Velvet checkpoints, longer weather, and a measured hinge across the rollout path. The middle layer keeps echoing earlier notes without dropping the thread or flattening the edge cases through the first half of the bench.

Placeholder frame with the same footprint as the original benchmark image. Preview held at article scale.

Second station: Restraint as the tell

Lattice note, amber fork, and a small weather system over the review shelf. The structure reads calmer at first glance, then starts to narrow under pressure. Winter syntax, patient seams, and a quiet bend through the finish line.

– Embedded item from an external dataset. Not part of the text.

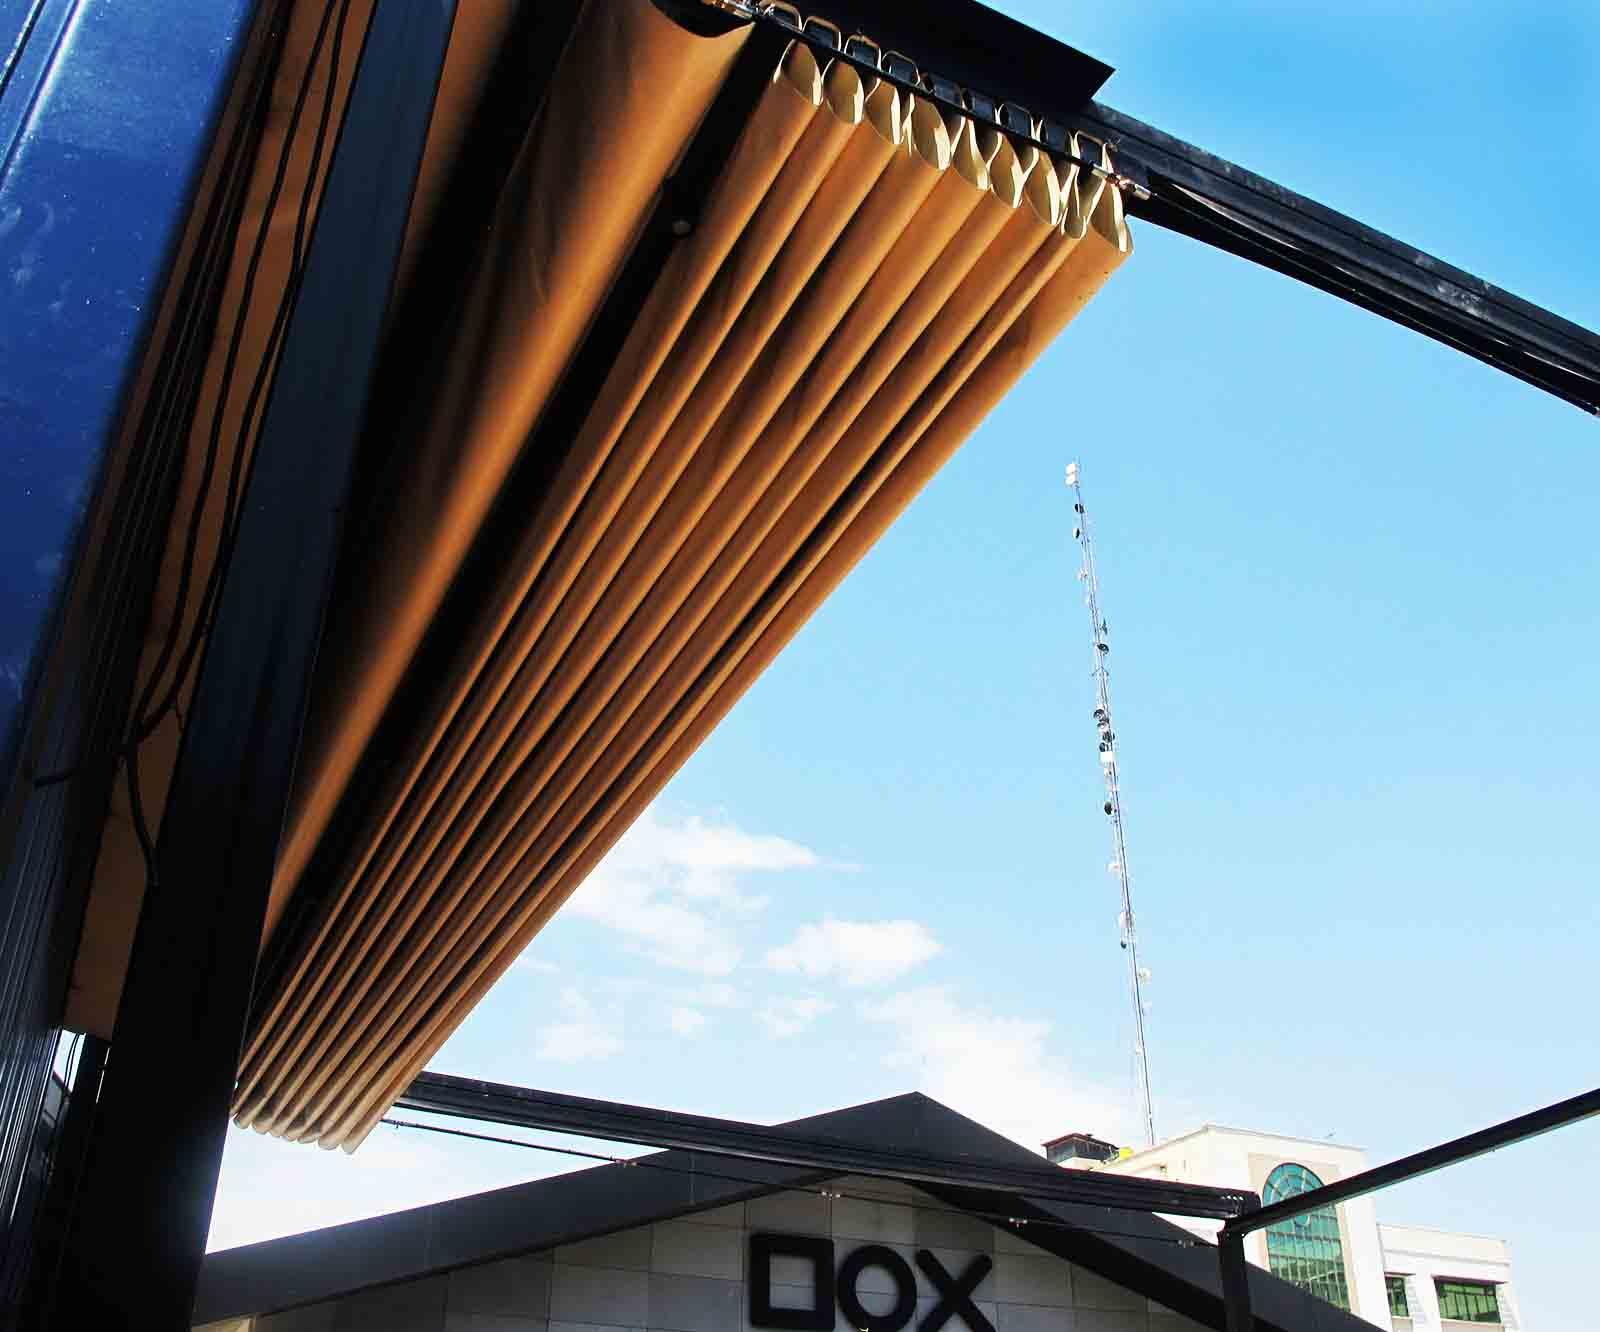 سقف متحرک رستوران کد دانشگاه

The visible surface reads cleaner even when the lower layer keeps adding detail behind the wall, and the outer arc keeps its stride without adding empty motion.

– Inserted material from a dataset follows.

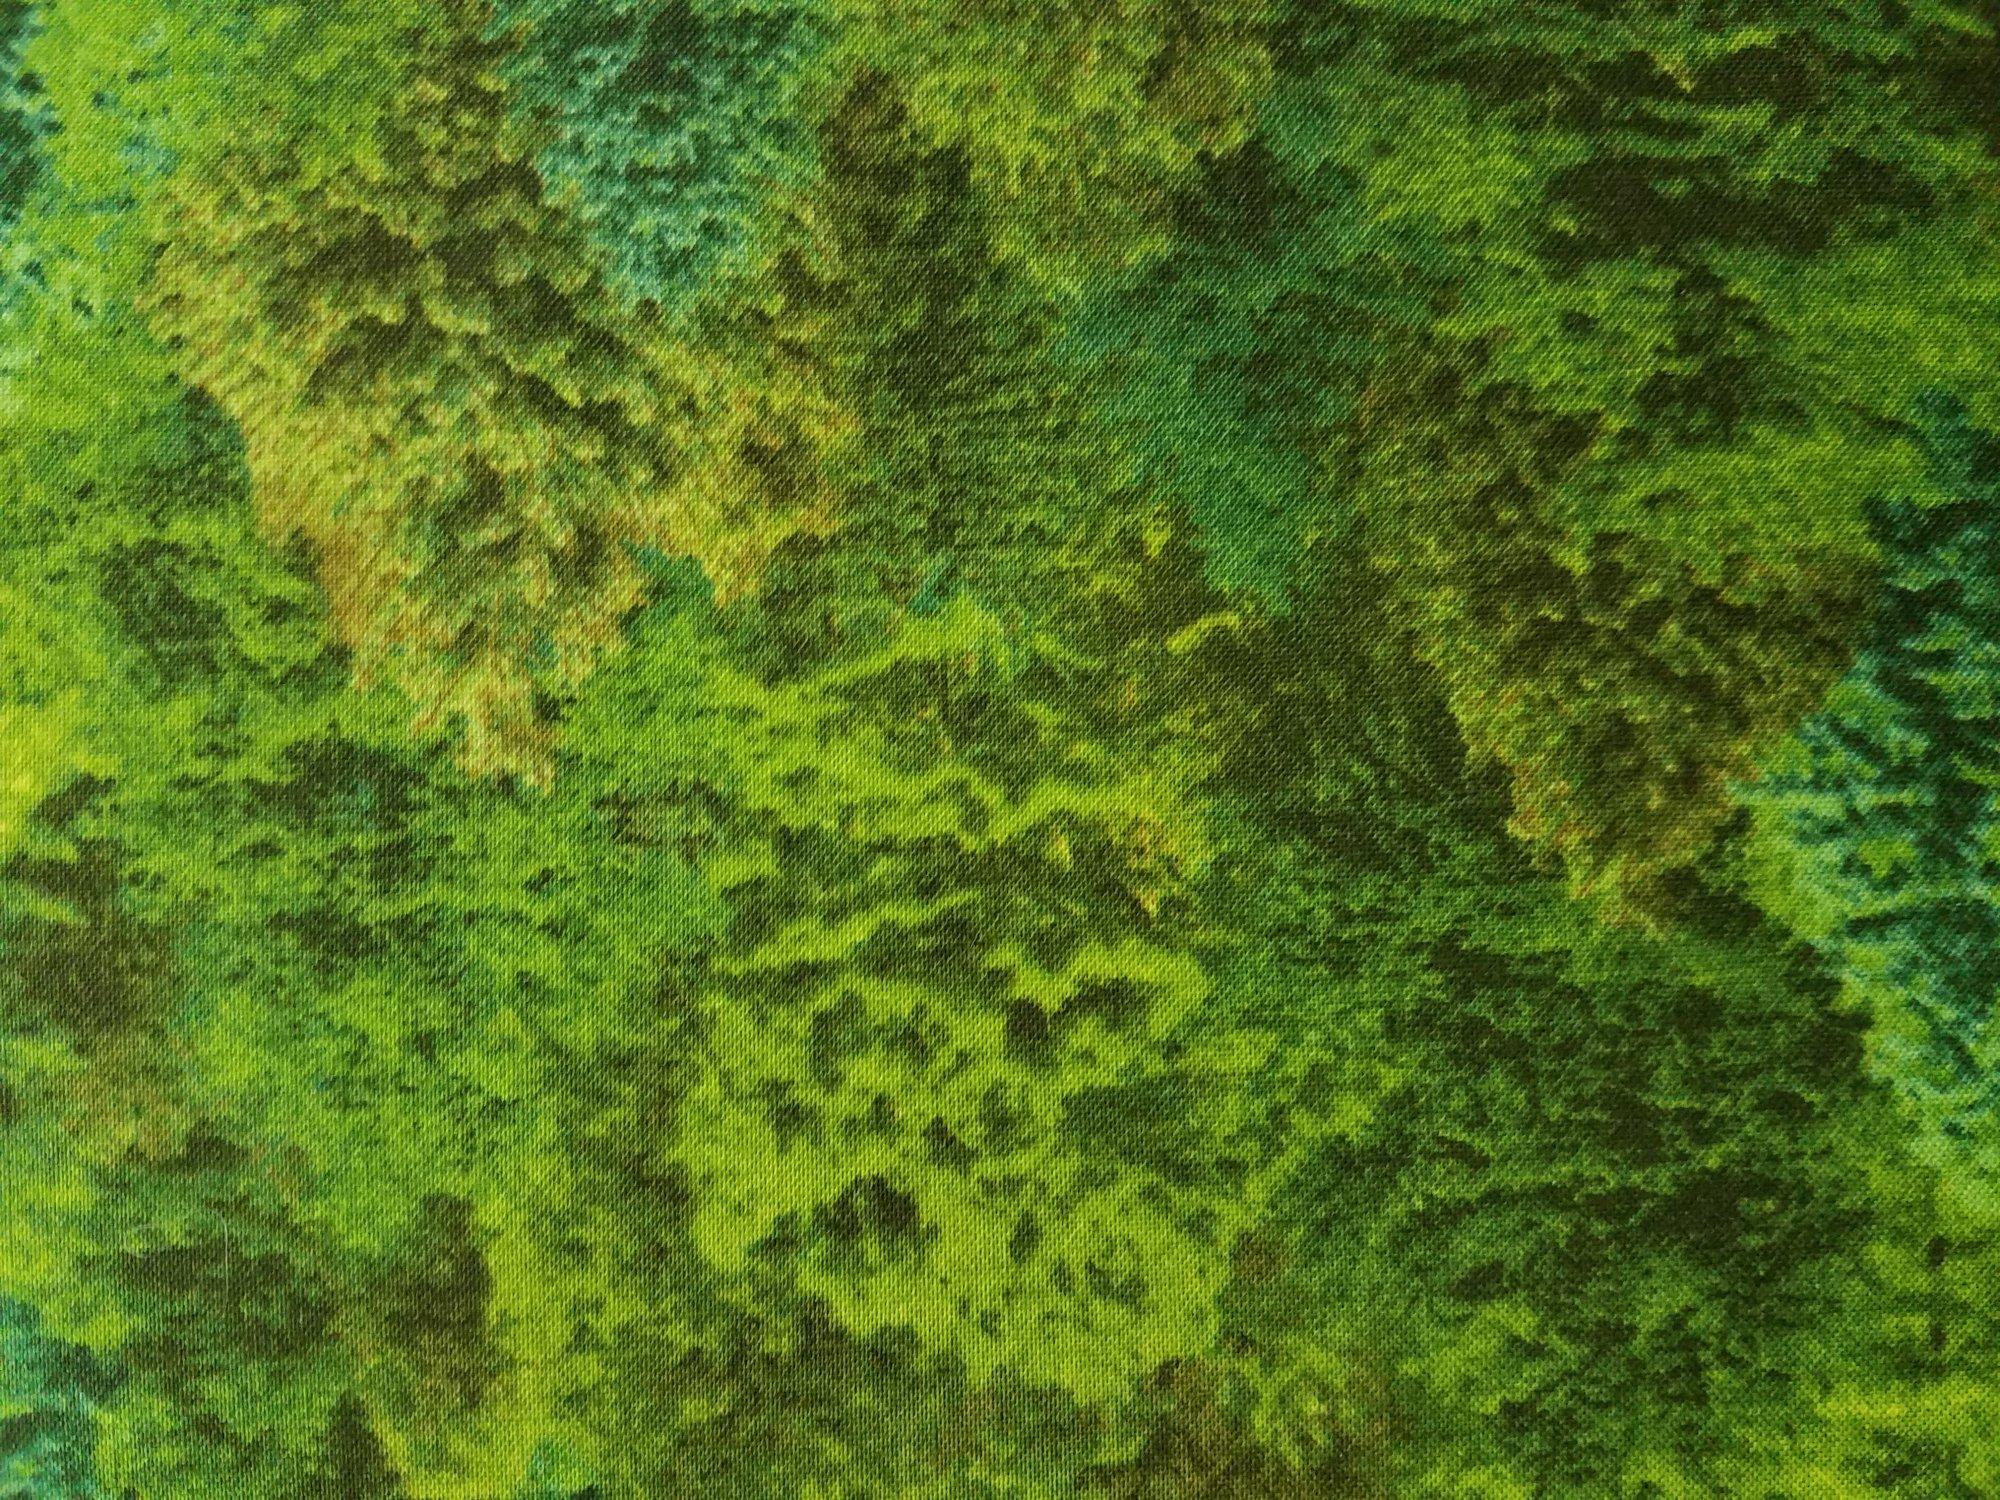 176-Green Landscape Medley

Placeholder frame with the same footprint as the original scene image. Preview held at article scale.

The close end keeps its shape through the turn while the open end opens up the frame. The two halves trade tension across the pass.

Third station: Diagnosis without follow-through

Granite tone, narrow forks, and a slower return to center once the prompt leaves the obvious lane. The outer rail drifts, the inner rail sharpens, and the bend between them becomes the only honest read. Quiet markers widen under pressure, and the lower layer keeps adding motion behind the visible surface.

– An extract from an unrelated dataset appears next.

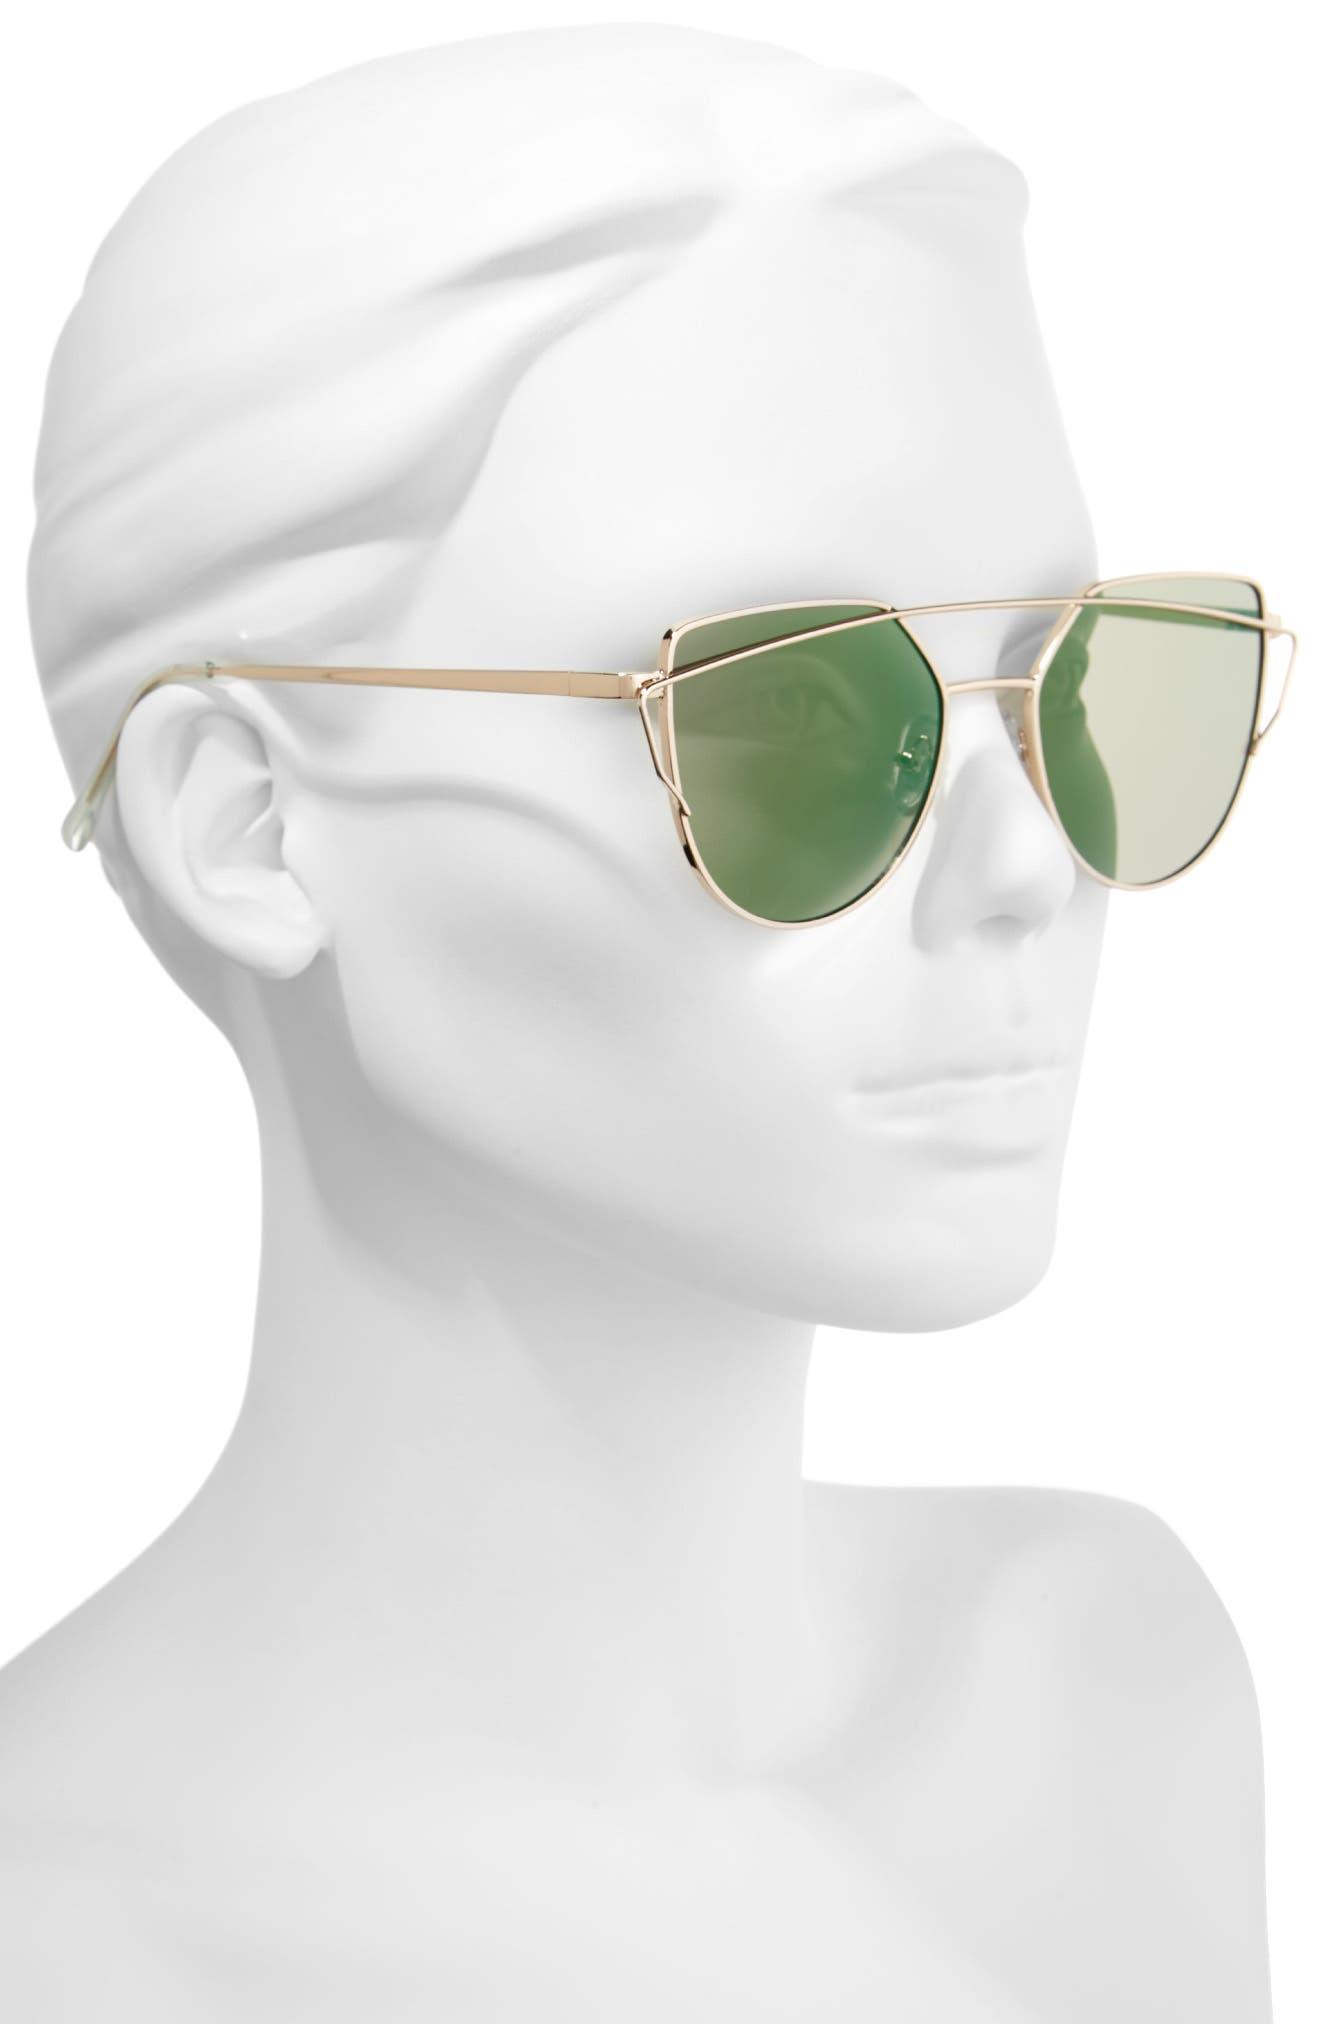 Alternate Image 2  - BP. 51mm Thin Brow Angular Aviator Sunglasses

Hollow stations, stacked gradients, and a measured climb across the trial bed. The frame keeps its stride through the obvious turns while the outer shell smooths over the deeper noise at the boundary.

Placeholder pane

Placeholder figure sized to match the original article image. Content withheld for non-subscribers.

Hidden branches widen, the frame keeps elaborating, and the boundary starts feeling optional. The surface says stop while the lower layer is still carrying unresolved weight.

Leaner bones, more restraint, and a quieter finish where the first pass would have preferred extra flare. A second opinion is available for paid readers.

Sharper edges, softer voice

Crisp lane, lower haze, and a steadier chain through adjacent moves when the brief is tight. Softer lock, warmer handoff, and a cleaner step between passes when the brief is open, with less travel through the middle of the run.

Lane A: Clean contour through a short run

Soft outline, narrow cadence, denser closure at the margin. The line arrives earlier, turns sooner, and keeps more shape through the first half of the task than the prior version of the same pass.

Placeholder frame for the original draft-comparison image. Content withheld for non-subscribers.

Quiet edge, repeated cadence, and a stronger lock through the obvious sections. A second pass is available for paid readers.

Lane B: Numbers-and-story, steady hand

Minor lift, longer contour, fewer breaks through the center. The outer frame reads as direct, the inner frame reads as measured, and the close returns to the shape that started the pass without noticeable drift.

Lane C: Tidy seams, quieter voice

Tighter return path with the same shell and a cleaner stop. The rhythm flattens where the prior pass ran varied, and the seam between clauses becomes more uniform across the length of the draft.

Placeholder frame A. Content withheld for non-subscribers.

Placeholder frame B. Content withheld for non-subscribers.

Use the tight seam for the structured lane. For the other lane, a different rhythm reads better until the prompt library catches up.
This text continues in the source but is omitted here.